* _WHAT YOU WILL DO_:
Quote the whole listing word for word. Do not include the pictures.

* _STORED DATA_:
BEGIN
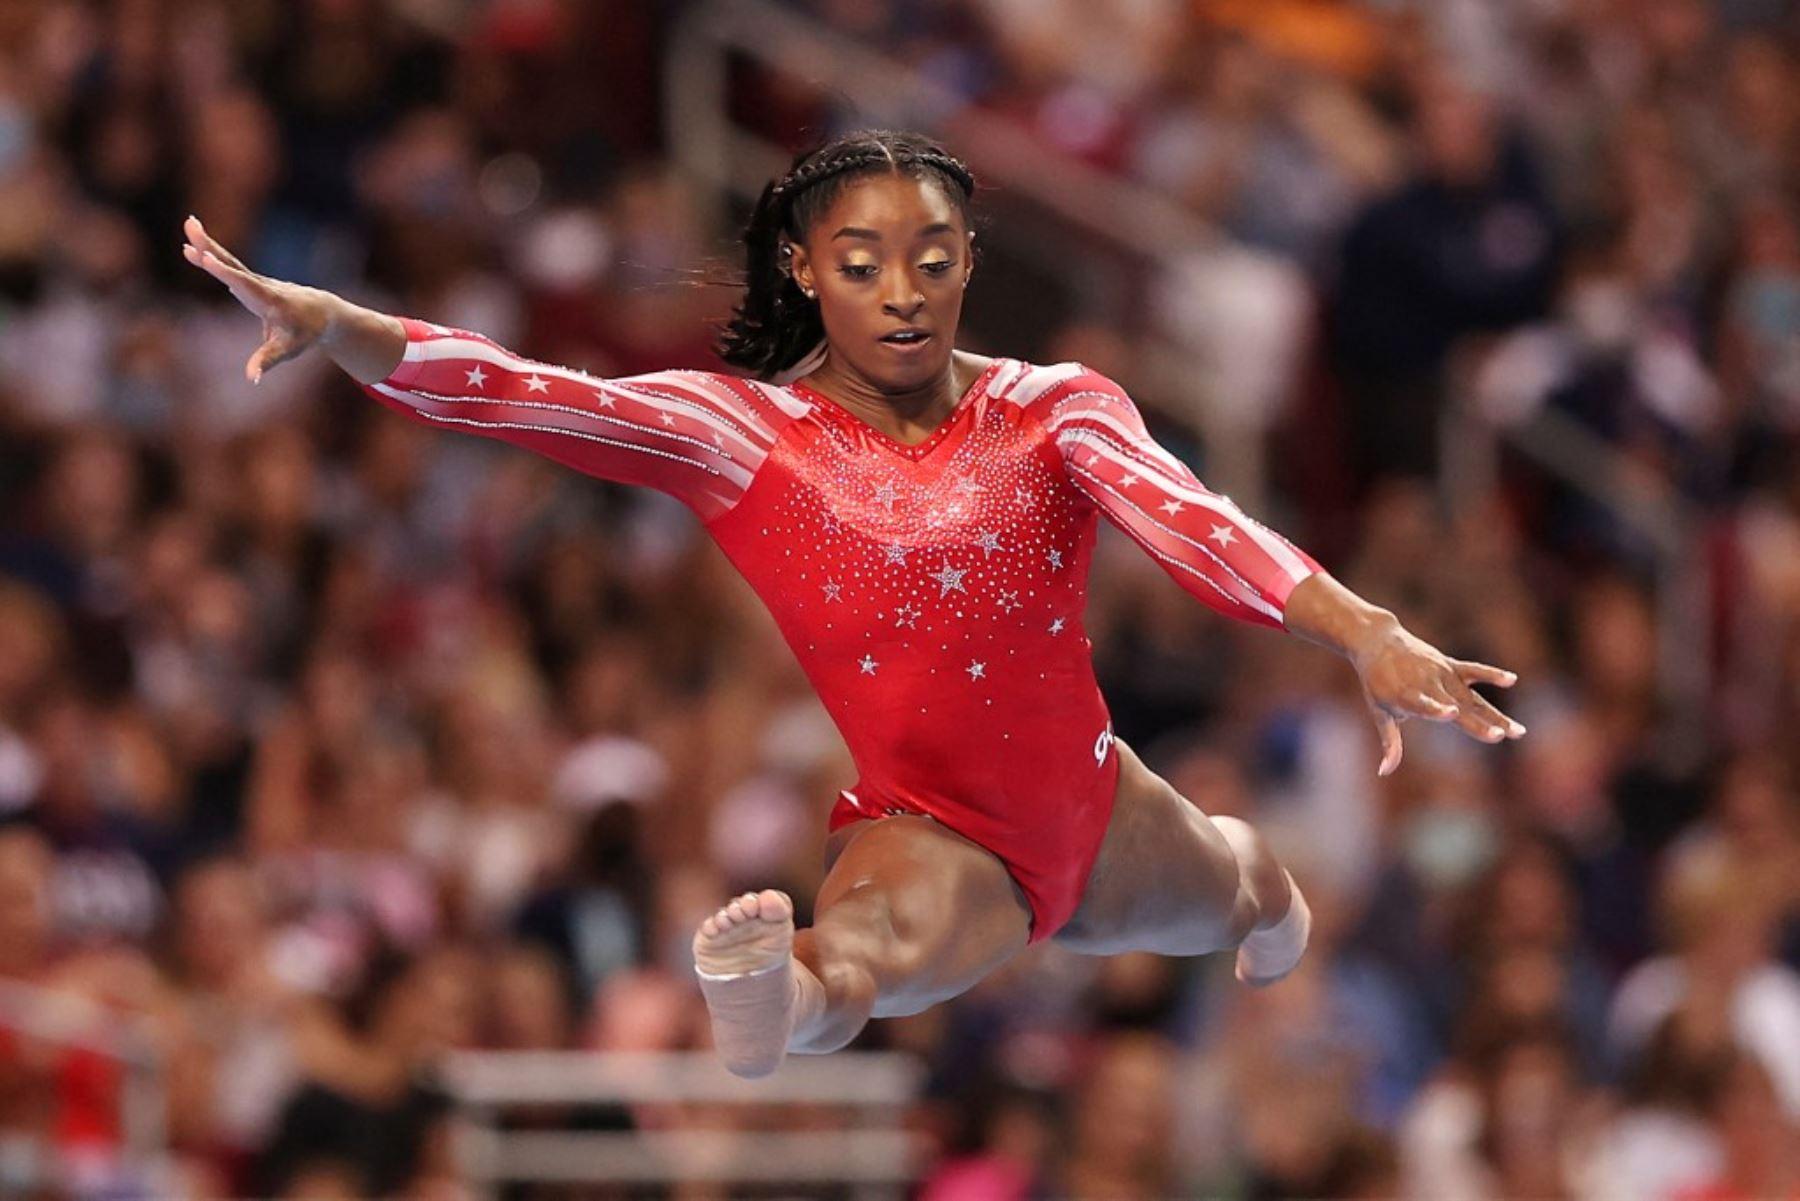 Tokio 2020: Gimnasta Simone Biles no vivirá en la Villa Olímpica
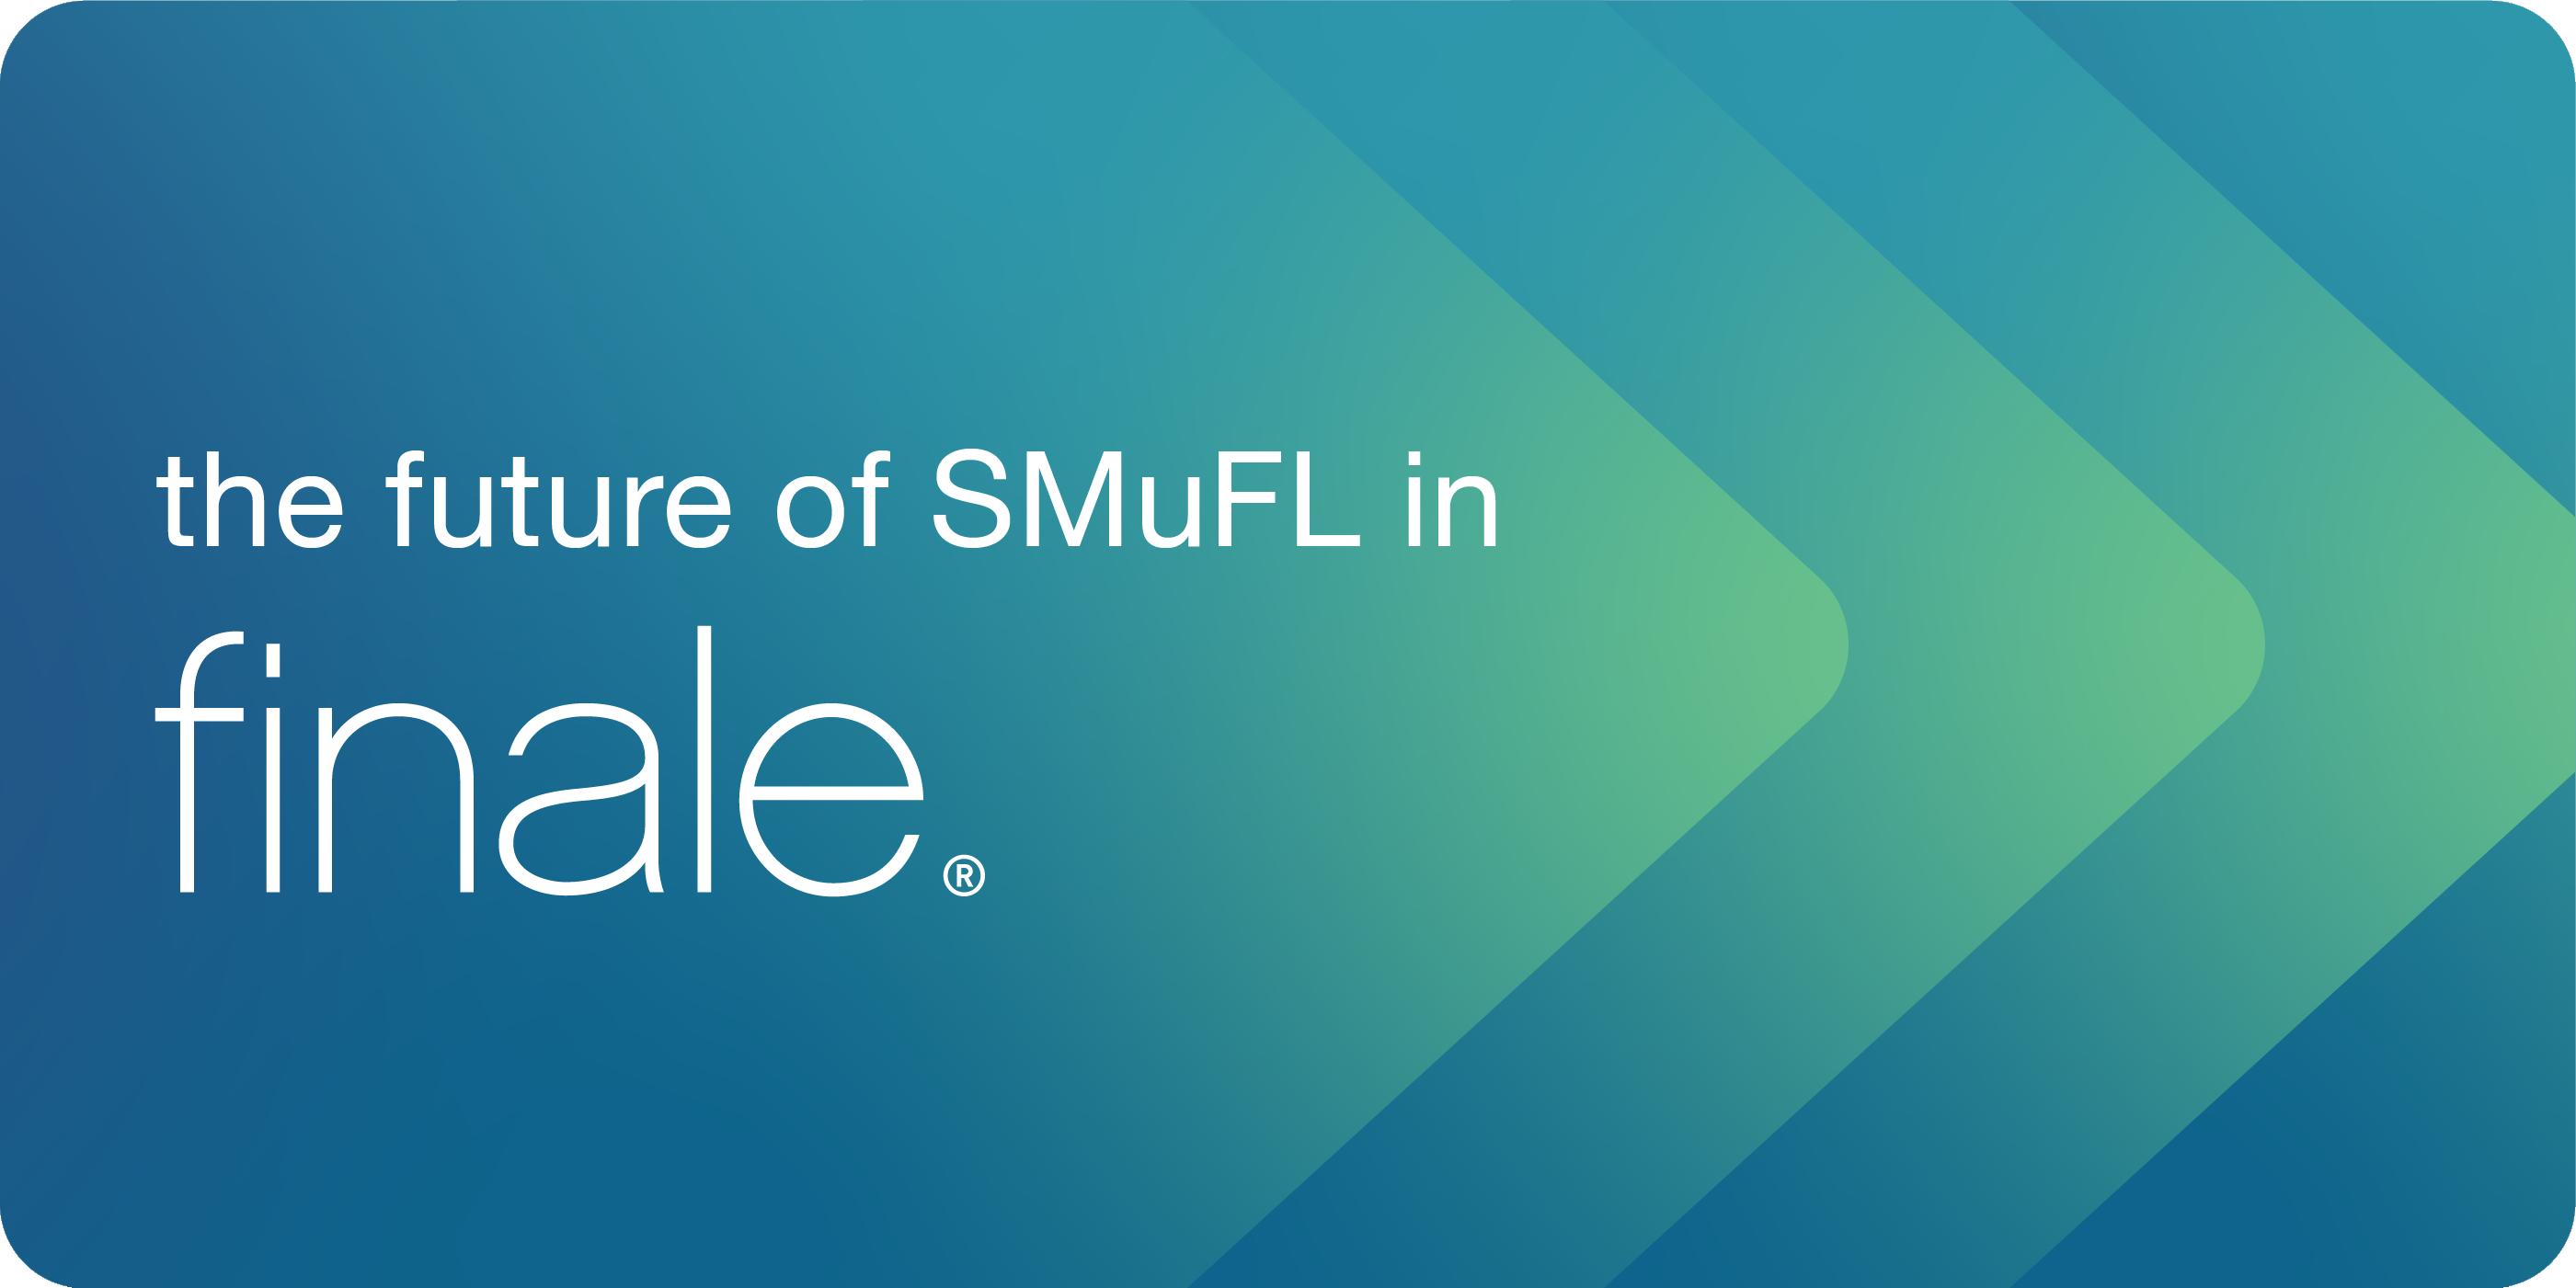 future of smufl
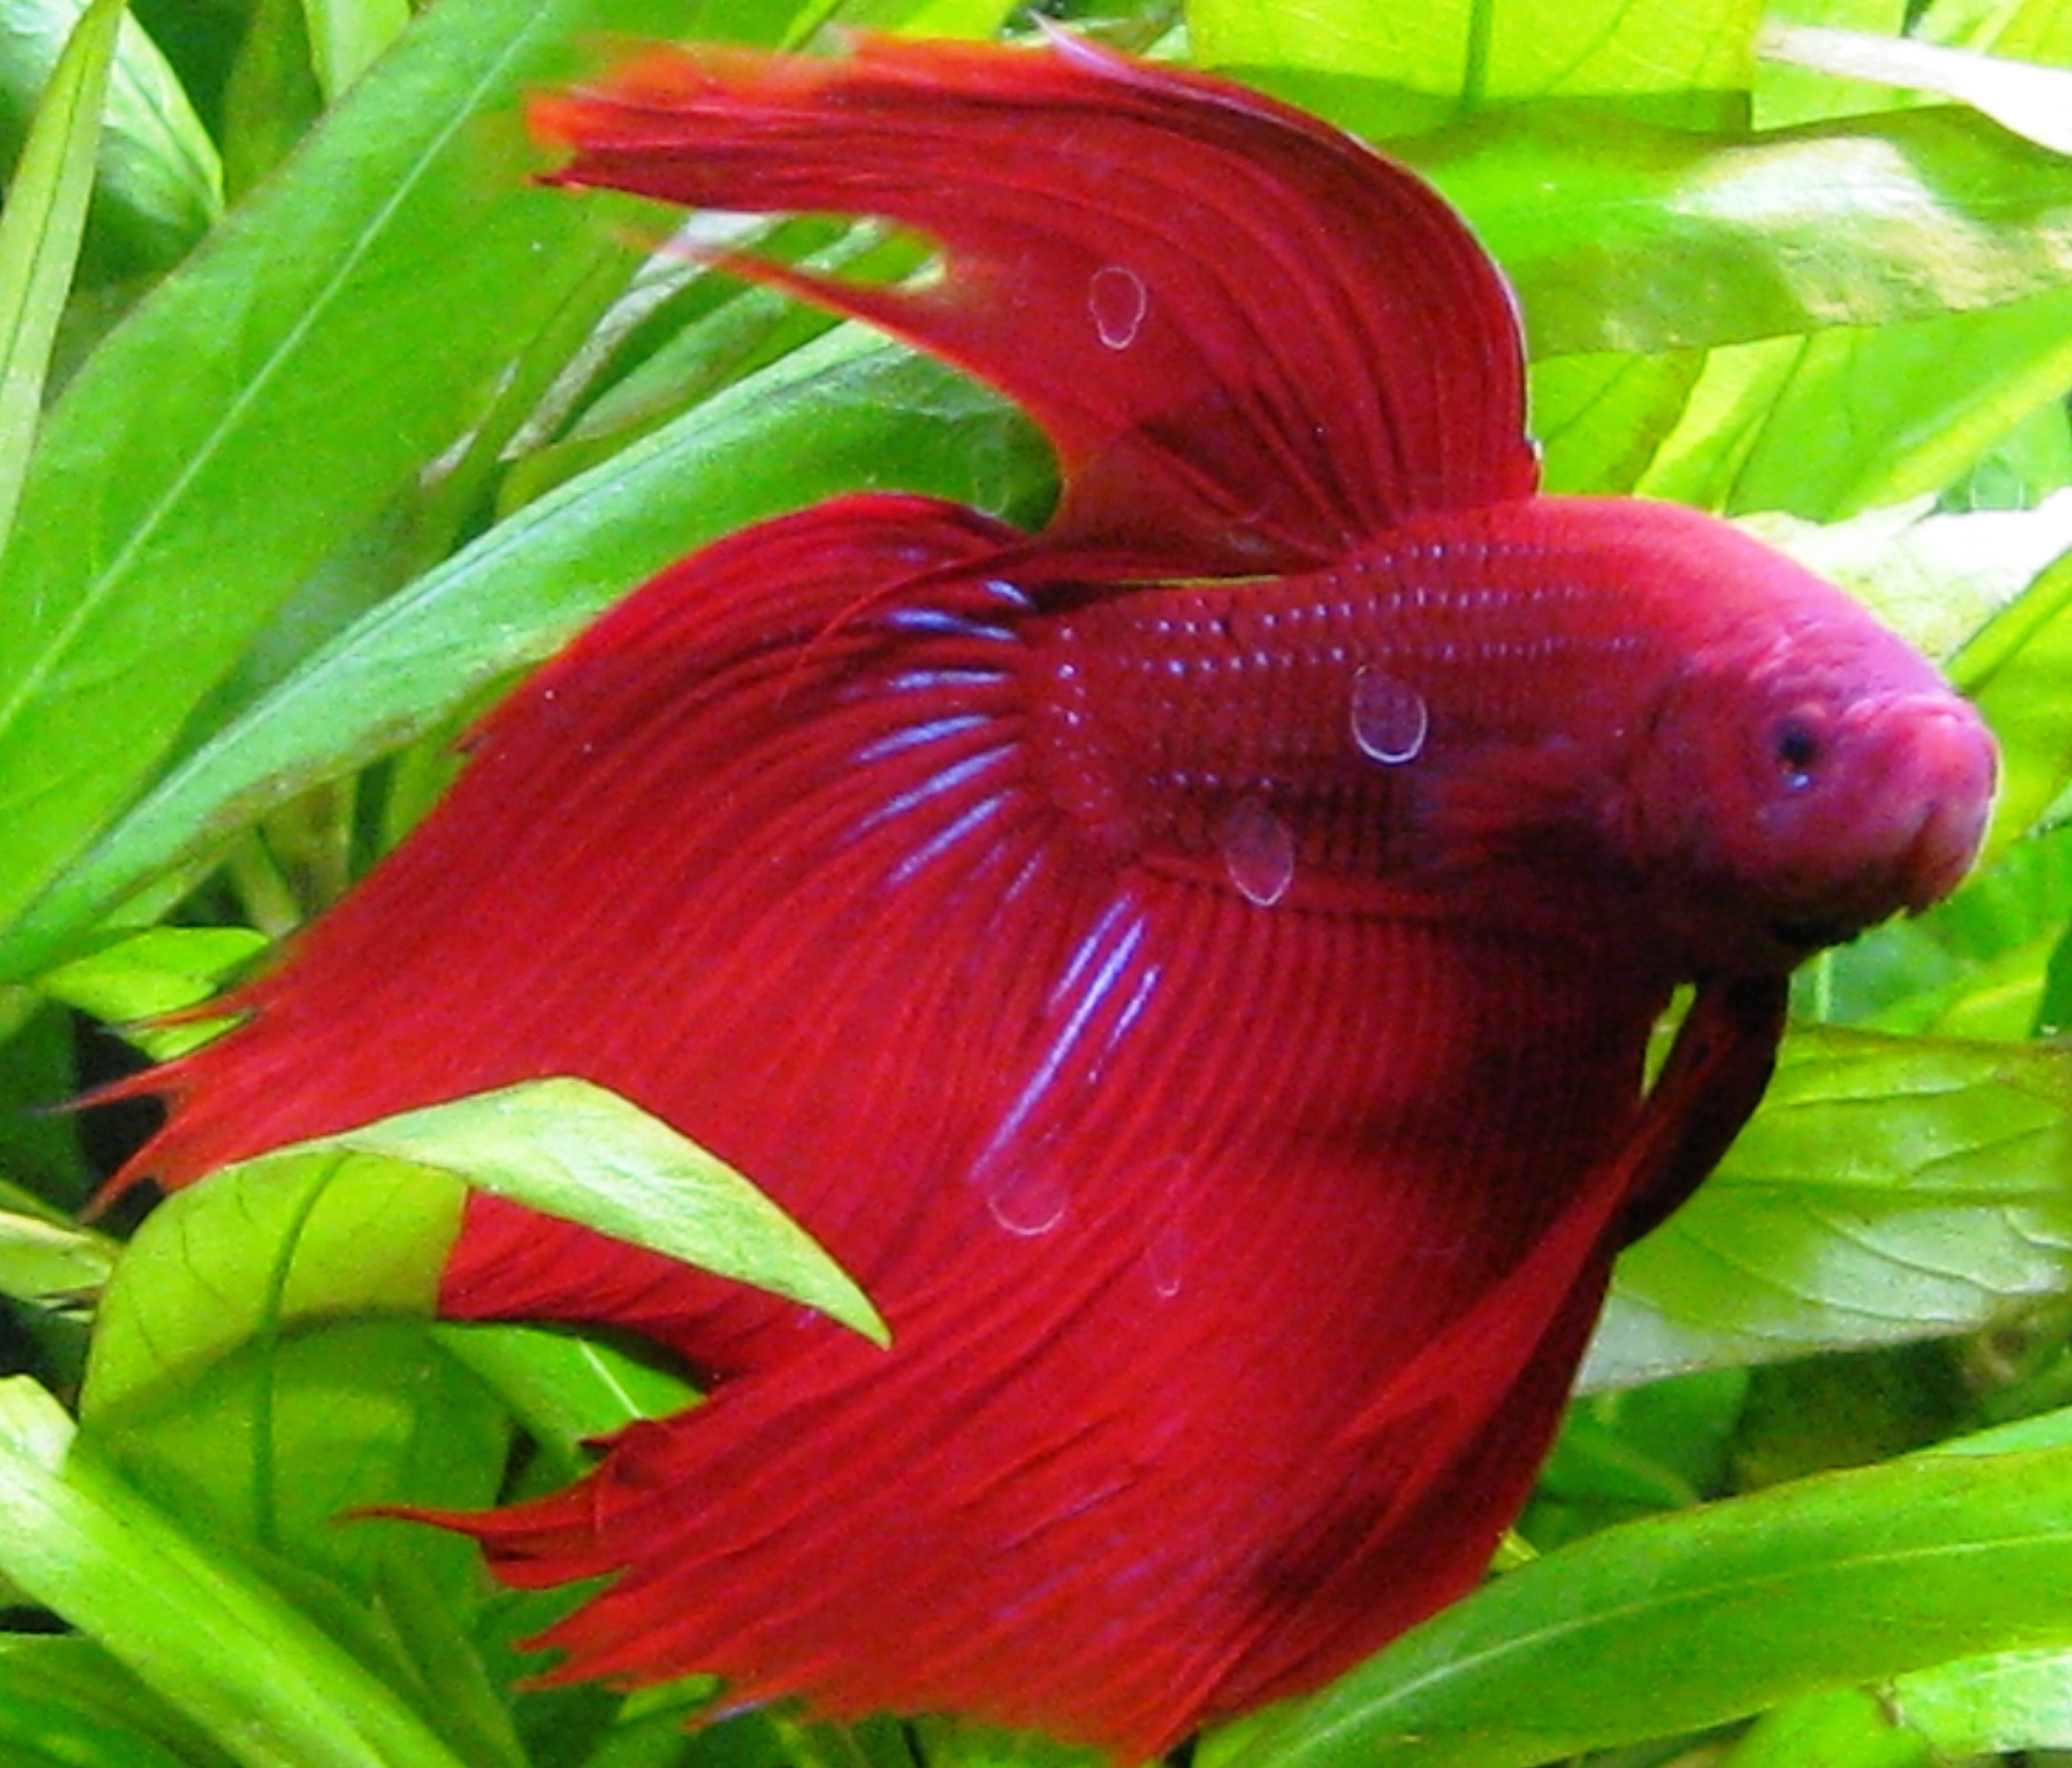 Fish Animal   Freshwater Fish Wallpaper – HD Wallpapers
END
* _RESPONSE AREA_:
 Tokio 2020: Gimnasta Simone Biles no vivirá en la Villa Olímpica
 future of smufl
 Fish Animal   Freshwater Fish Wallpaper – HD Wallpapers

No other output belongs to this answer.